Editor:- March 3, 2017 - Dell EMC has end of lifed the DSSD product line (an NVMe array and one of the fastest SSD systems in the market) and the storyline discussed in StorageReview.com is the missmatch between Dell's high volume commodity business and this niche HPC storage box.

The warm up to such an ending came in a news story in December 2016 by the Register which revealed the $1 billion gap between the cost of acquiring and developing the product and sales ($6 million).

Editor's comments:- In the short term this is good news for IBM's FlashSystem which is the most mature storage product line in this class.

And it's good news for startups and other specialist SSD companies which engage with the high performance end of the market.

One question I guess about the DSSD product line is that the market which it might have been aimed at 3 years ago doesn't exist any more.

Most computer companies who would be looking for HPC storage of the NVMe array variety are easily able to produce such systems from a competitive market of 2.5" NVMe SSDs.
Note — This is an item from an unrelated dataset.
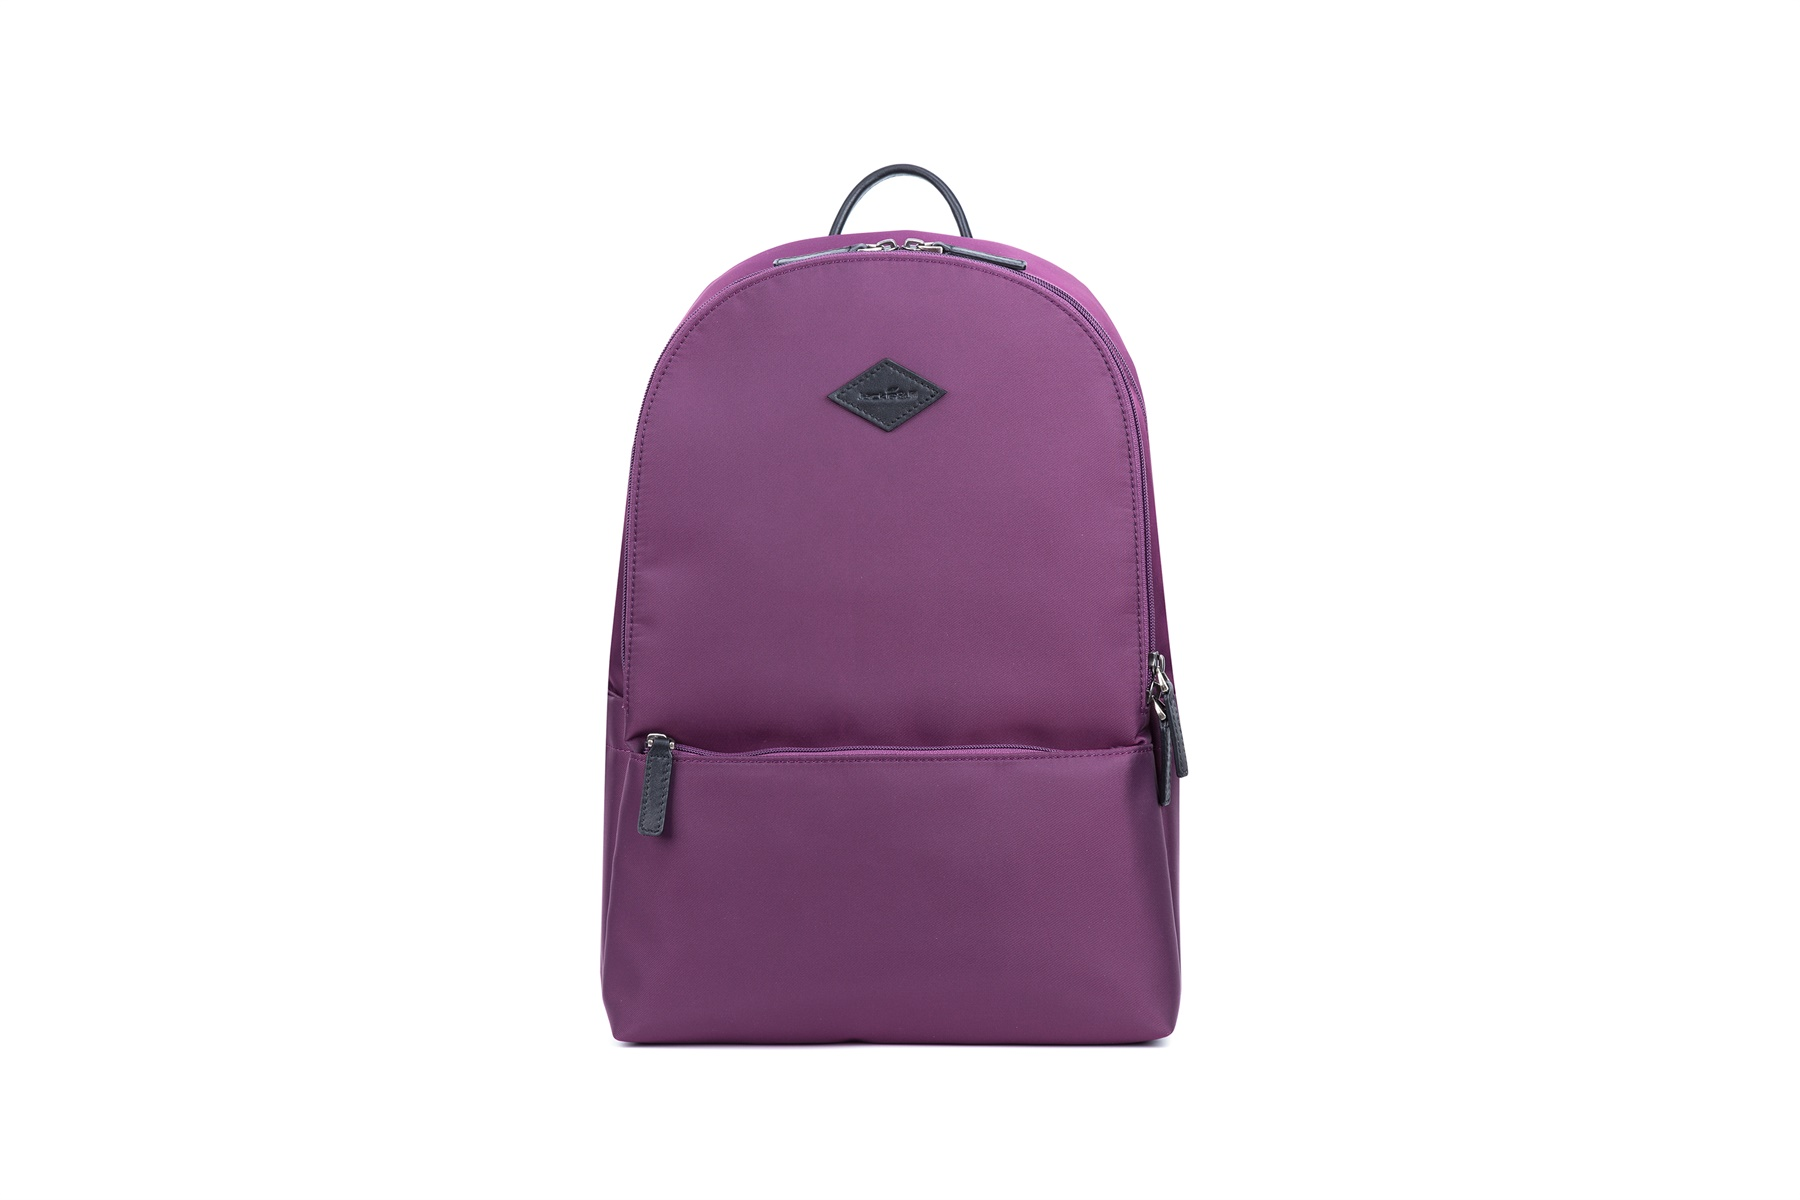 GF bags-Professional Stylish Backpacks Big Backpack Bags Manufacture-4

So why pay a premium to EMC or anyone else?

But a more deep rooted problem is that the DSSD is an old fashioned systems designer's prototype implementation of a modern persistent memory box. And the nvm memory changes in recent years (in cell technology and controllernomics tiering) makes the design about as useful as a TTL minicomputer competing with an NMOS microprocessor.

No matter how much cooling or SRAM you pack into a card - the cheapest place to solve latency problems is in the semiconductor chip itself before the data hits the external brake pads of the physical interface to copper.

We're going to see a lot of different permutations of big memory coming into the market. Generally the smaller the box and the closer it is to the applications processor the less waste there is in intersystems latency.

The DSSD approach has been blown away by commodity arrays at the low end of its performance ramge and by genuine memory systems technology advances at the high end.

Storage systems thinking can't compete for performance with semiconductor integrated memory systems architecture.

And here's another angle...

If you were looking for a low cost companion ultra fast compute box to work as a companion to DSSD class storage - Symbolic IO have got their own way to do it and can do it faster with less hardware.